Directions for this task: Return, word for word, only the lines of the data below that lie between the line with "Used in like new condition." and the line with "5 Common Restful", those two lines included.

Data extracts:
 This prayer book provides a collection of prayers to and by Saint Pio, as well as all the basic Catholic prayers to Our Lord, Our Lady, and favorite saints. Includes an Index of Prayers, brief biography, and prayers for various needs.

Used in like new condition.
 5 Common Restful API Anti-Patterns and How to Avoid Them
---
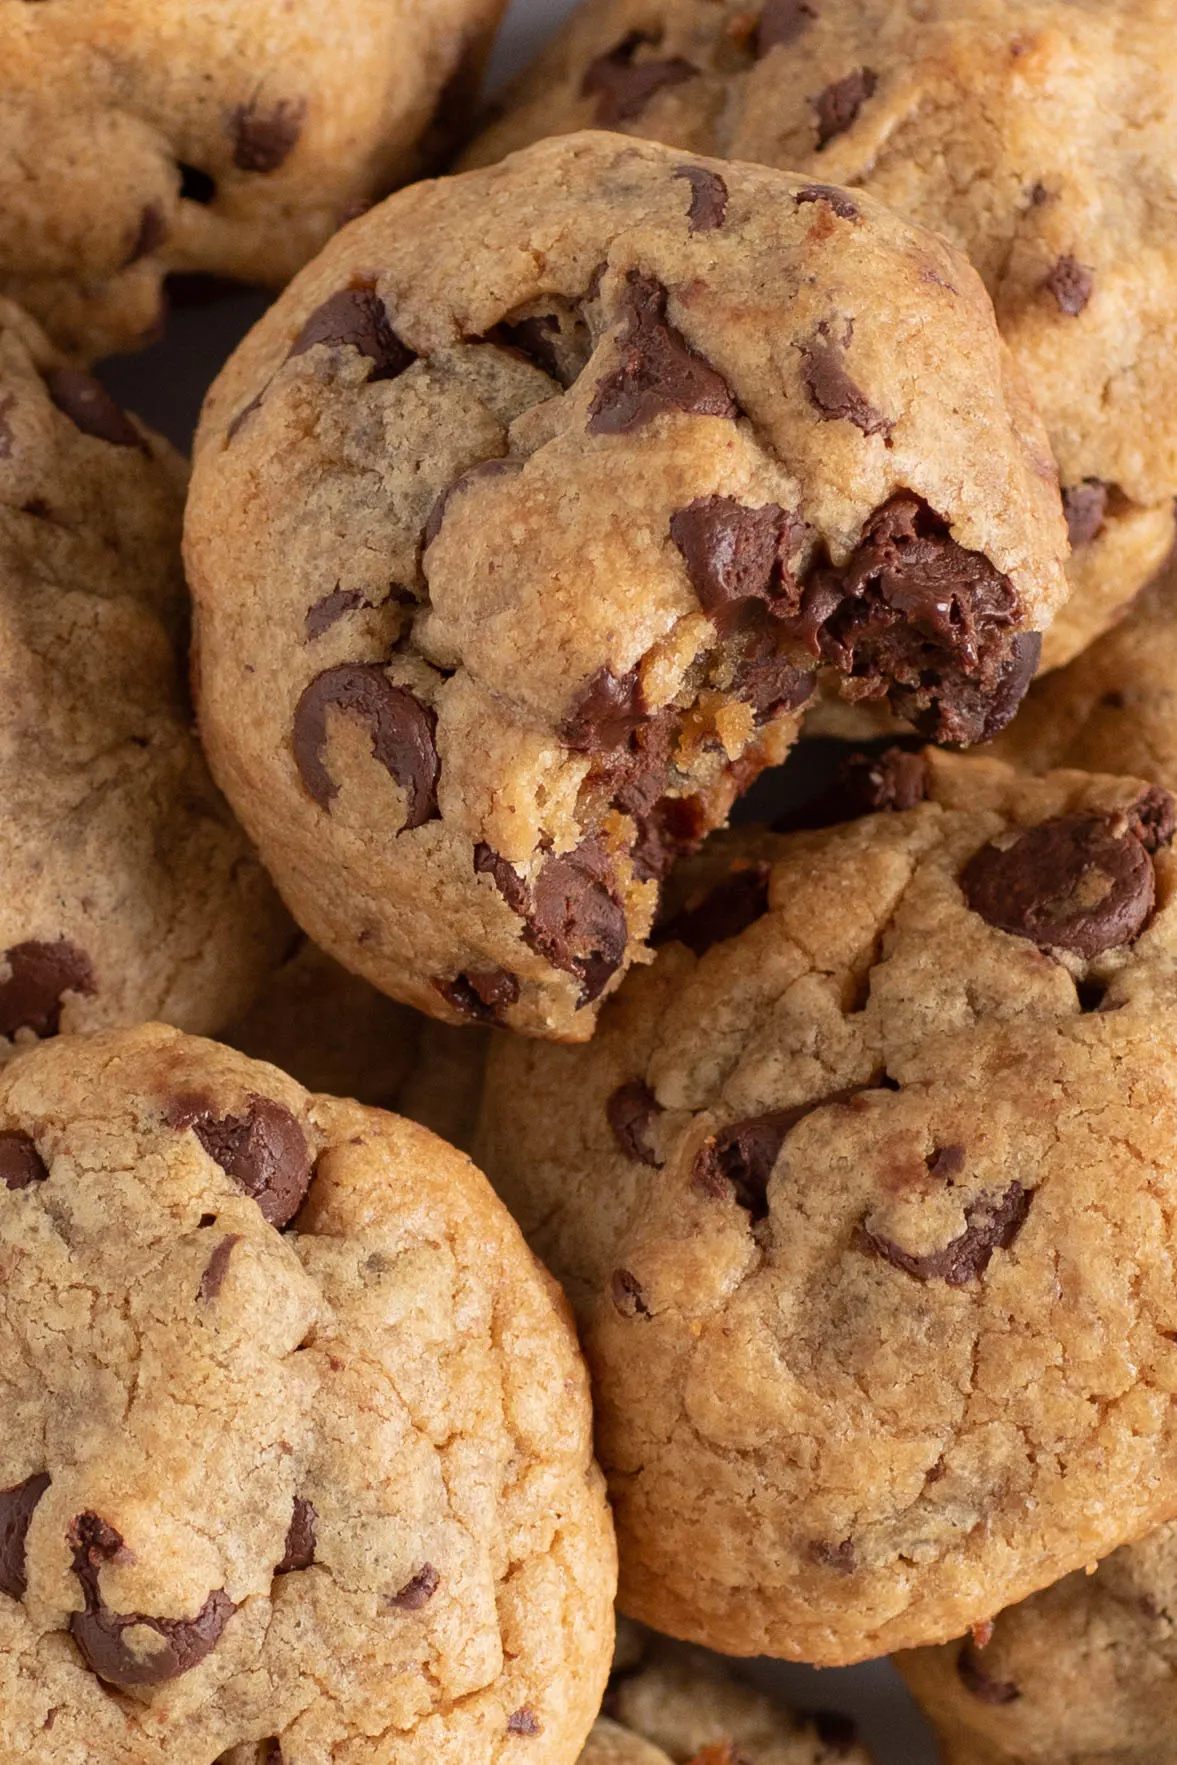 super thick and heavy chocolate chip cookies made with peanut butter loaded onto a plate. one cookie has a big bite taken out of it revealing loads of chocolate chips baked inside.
---
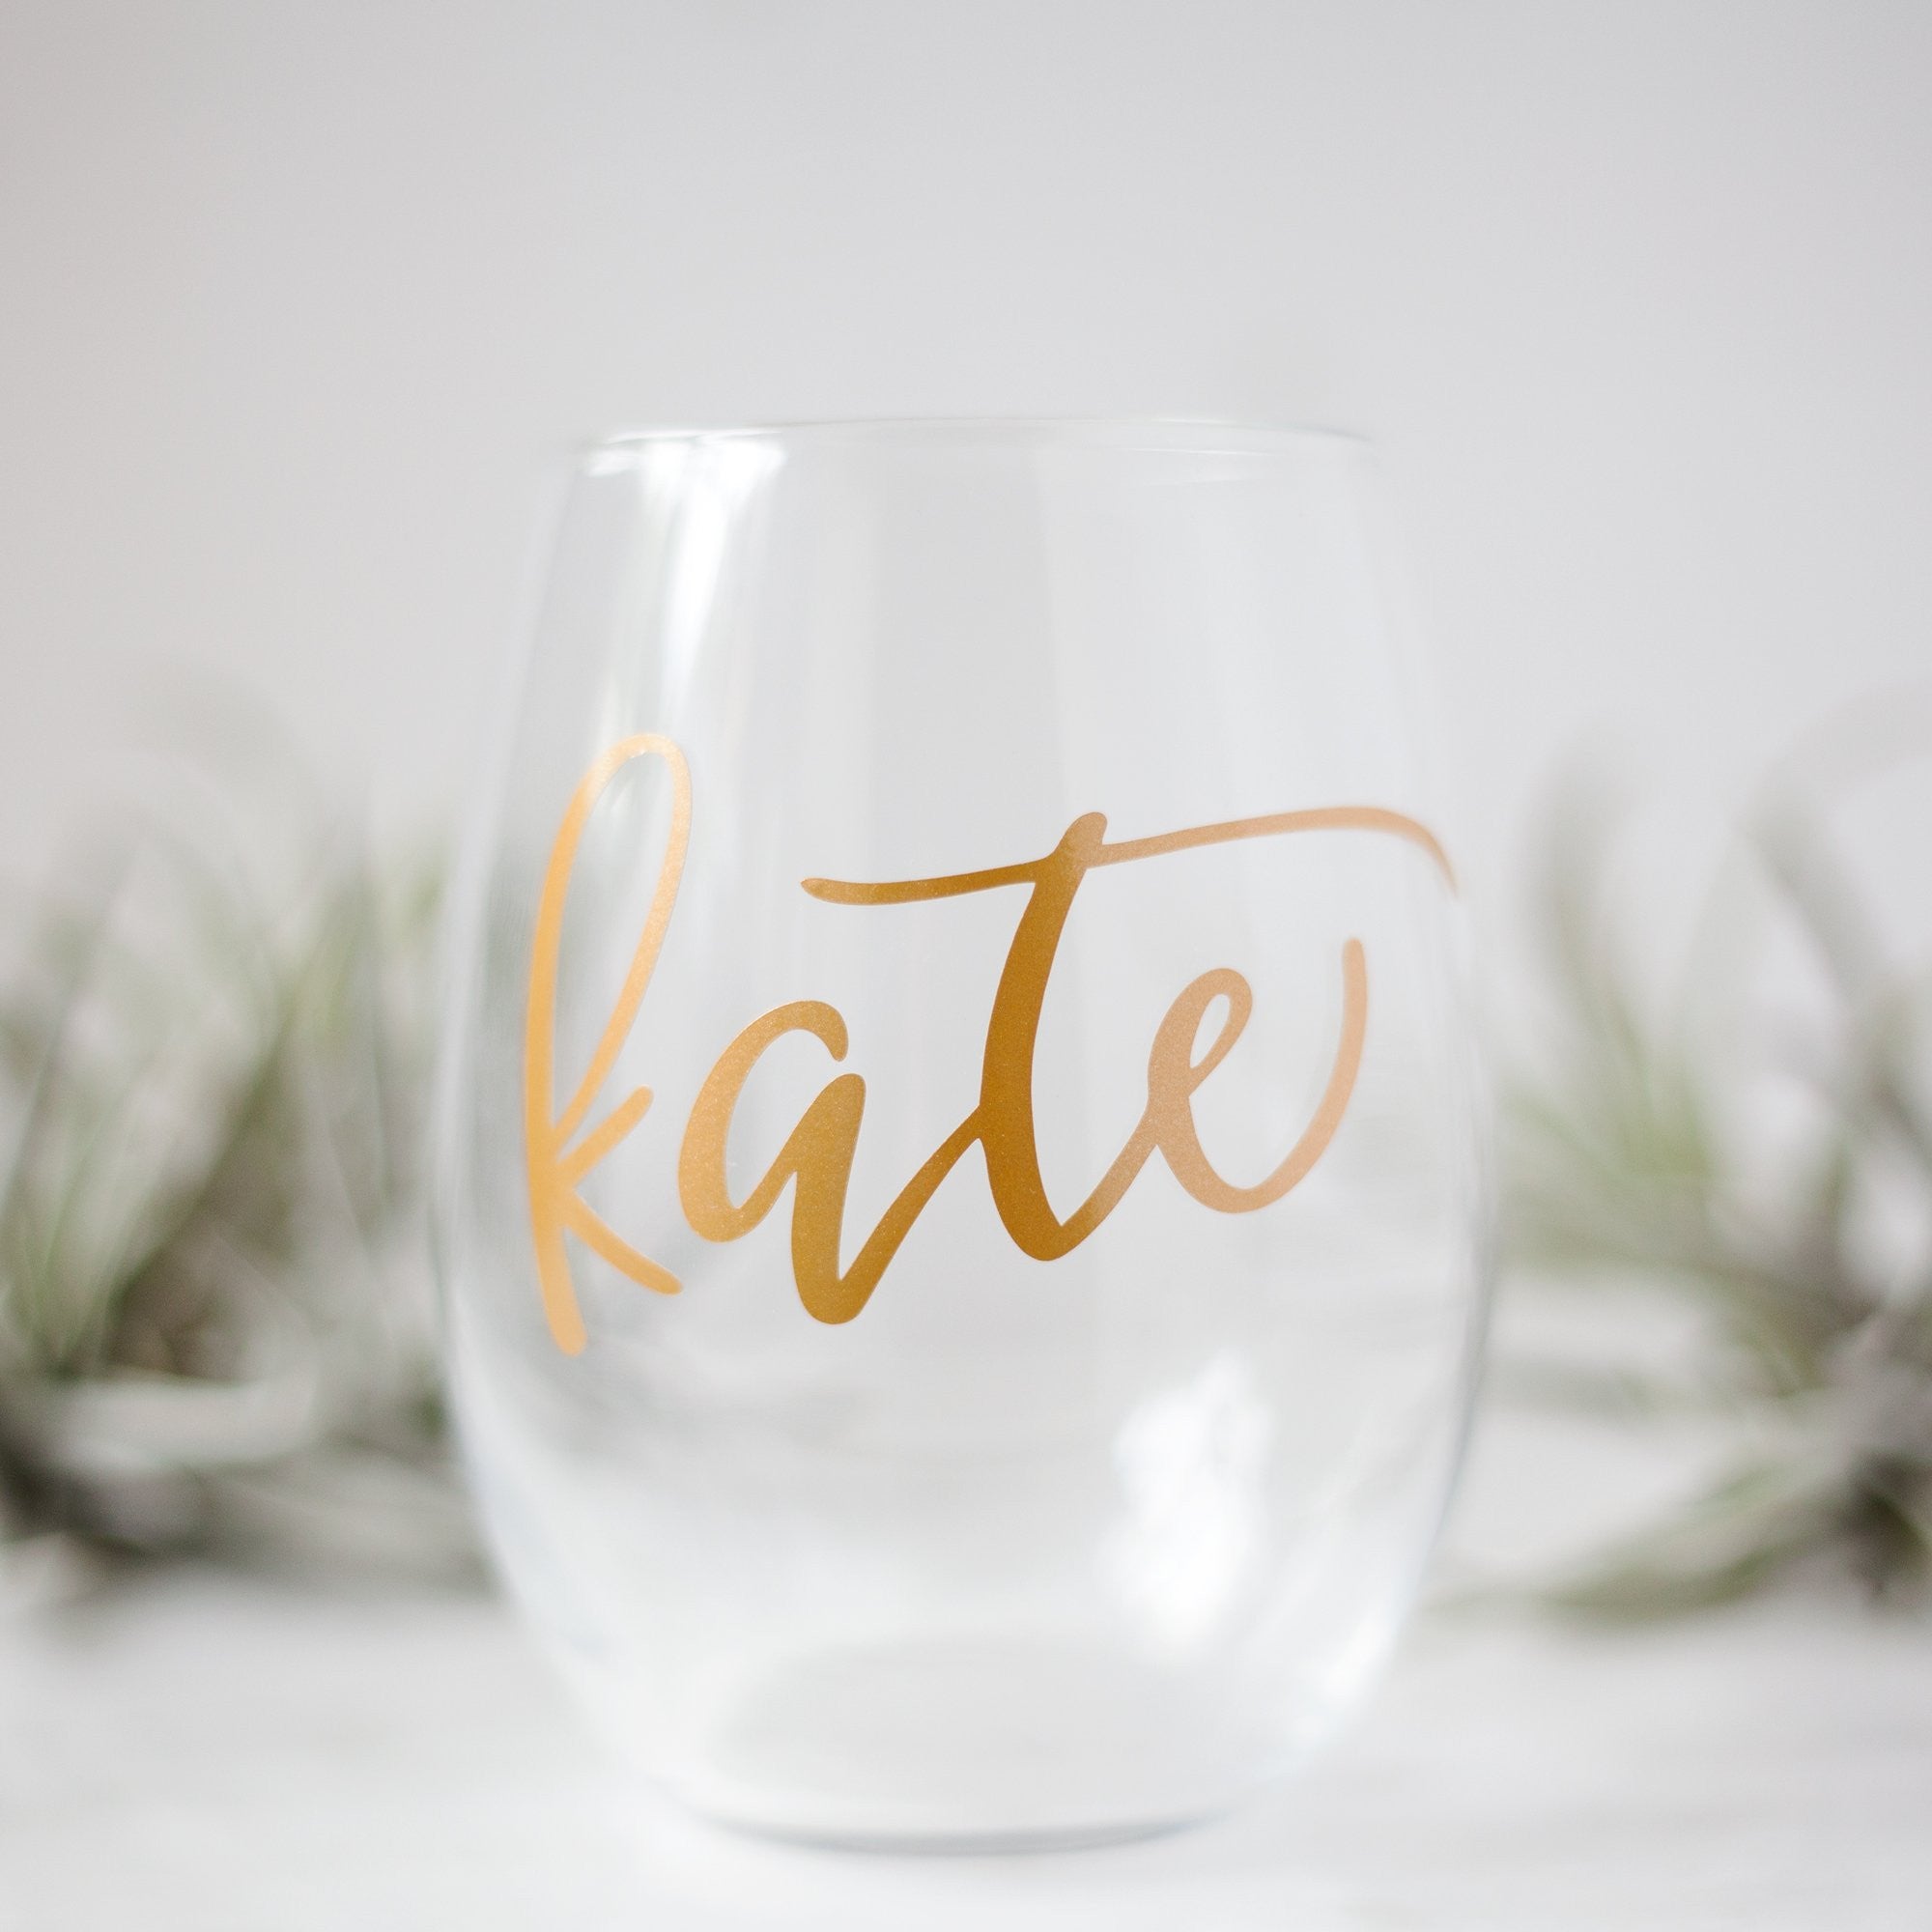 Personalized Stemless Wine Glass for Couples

Reply:
Used in like new condition.
 5 Common Restful API Anti-Patterns and How to Avoid Them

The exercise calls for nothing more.